Anyway, not to brag, but I have mousy relatives in churches all across this continent. We compare notes on stuff like this once in awhile. We’re very well-connected, us church mice. There’s one of us on almost every church office desk. When the pointer on the big blue screen hovers over something like “AOL” or “Compuserve,” and my cousins get a sharp poke in the left eye, they activate something called a dial-up modem. We church mice don’t like that part much so we voice our displeasure with a noise like “ch-ch-ch-ch-ch-chchchchchch, hooty-hooty-hooty, grrrrrr, beep-beep—YOU HAVE MAIL!” Church mice stay in touch.
I was telling you about my kinfolk. I have an uncle who lives in a fine half-century old church. He tells me his Sunday mornings are double trouble because they have two separate services—the one a bit different from the other. One sports more wrinkles, the other more sweaters. Both services rock. They put out more pure sparkle than the time Uncle bit through the cord of the overhead projector, leaving everybody in the dark.
But my uncle thinks the discontent that birthed separate services more than a decade ago is still there all the same. He thinks that’s strange because both services are built from the same recipe. One has a dollop more of this. The other a pinch more of that. But people still frown when they mention those people in that service. My uncle expected that separate services would give people sufficient freedom to unite their hearts for the rest of the week. Now he thinks he may have been wrong about that. Then there’s Aunt Bee. She tells me she didn’t sleep much last week. Seems her church was invaded by a bunch of men and a few women who talked a lot, argued some, and consumed tons of roast-beef sandwiches and gallons of coffee thick as diesel oil at forty below. It was some kind of regional church meeting. These folks had accepted the kind invitation of this congregation to meet there so they could come to their anniversary service celebrating a half-century of serving and worshiping God together.
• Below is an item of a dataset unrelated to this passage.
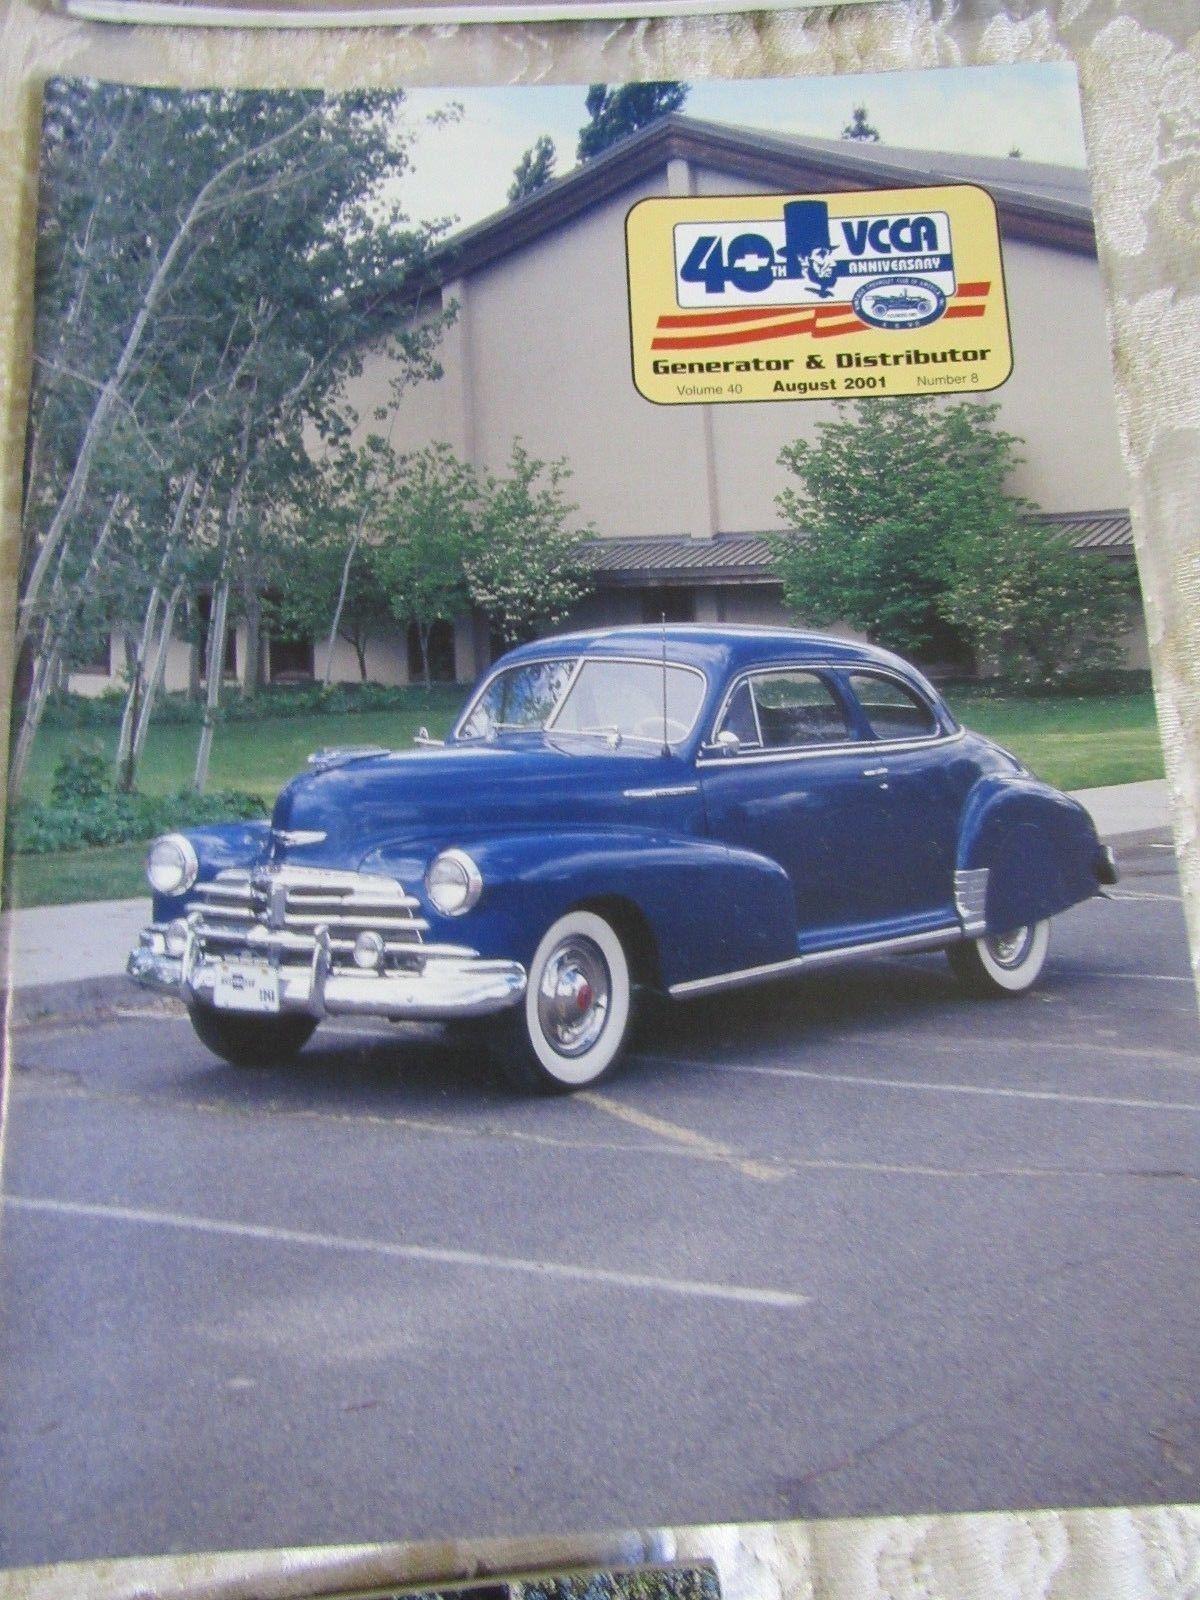 Lot Generator & Distributor Magazine - 2001  40th Anniversary Issues of VCCA,
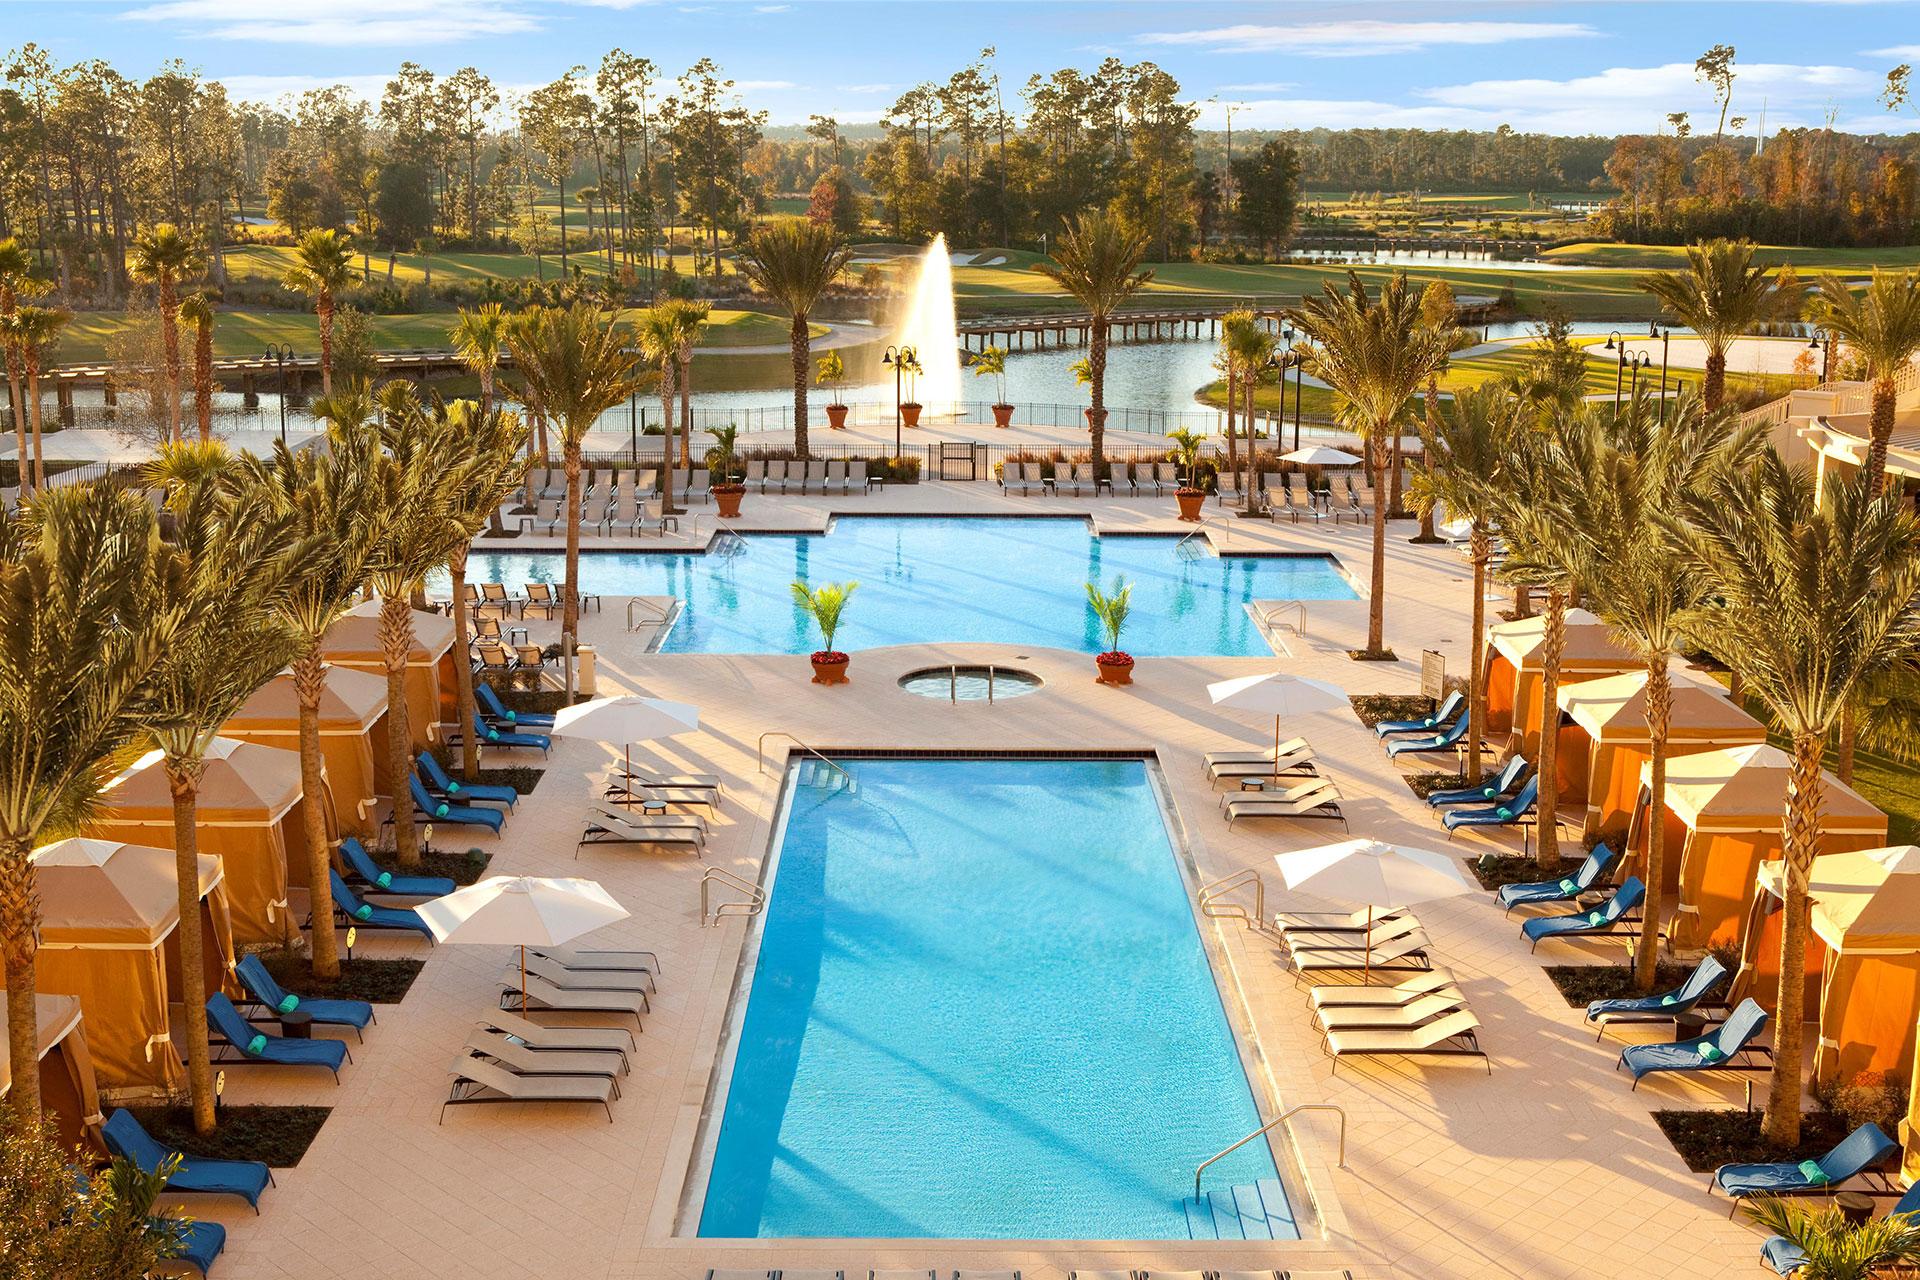 Waldorf Astoria Orlando Pool; Courtesy of Waldorf Astoria Orlando

So here’s the irony that blew my aunt’s furry socks right off. In the evening everybody got together and had a wonderful worship service of thanks to God for this church’s fifty years of being one congregation. Everybody participated. But that very afternoon that congregation had asked the regional church meeting for permission to split right in two. Why? It wasn’t doctrinal differences. It wasn’t a conservative/liberal thing. The reason for the bust-up was worship. Along with changing worship styles, discontent had risen to the point that it blew the dike. Both groups still love each other. They hope that cutting each other loose will allow each group to find the peace they crave so they can get on with being church.
My aunt figures that’s not likely. Few divorces result in a clean break.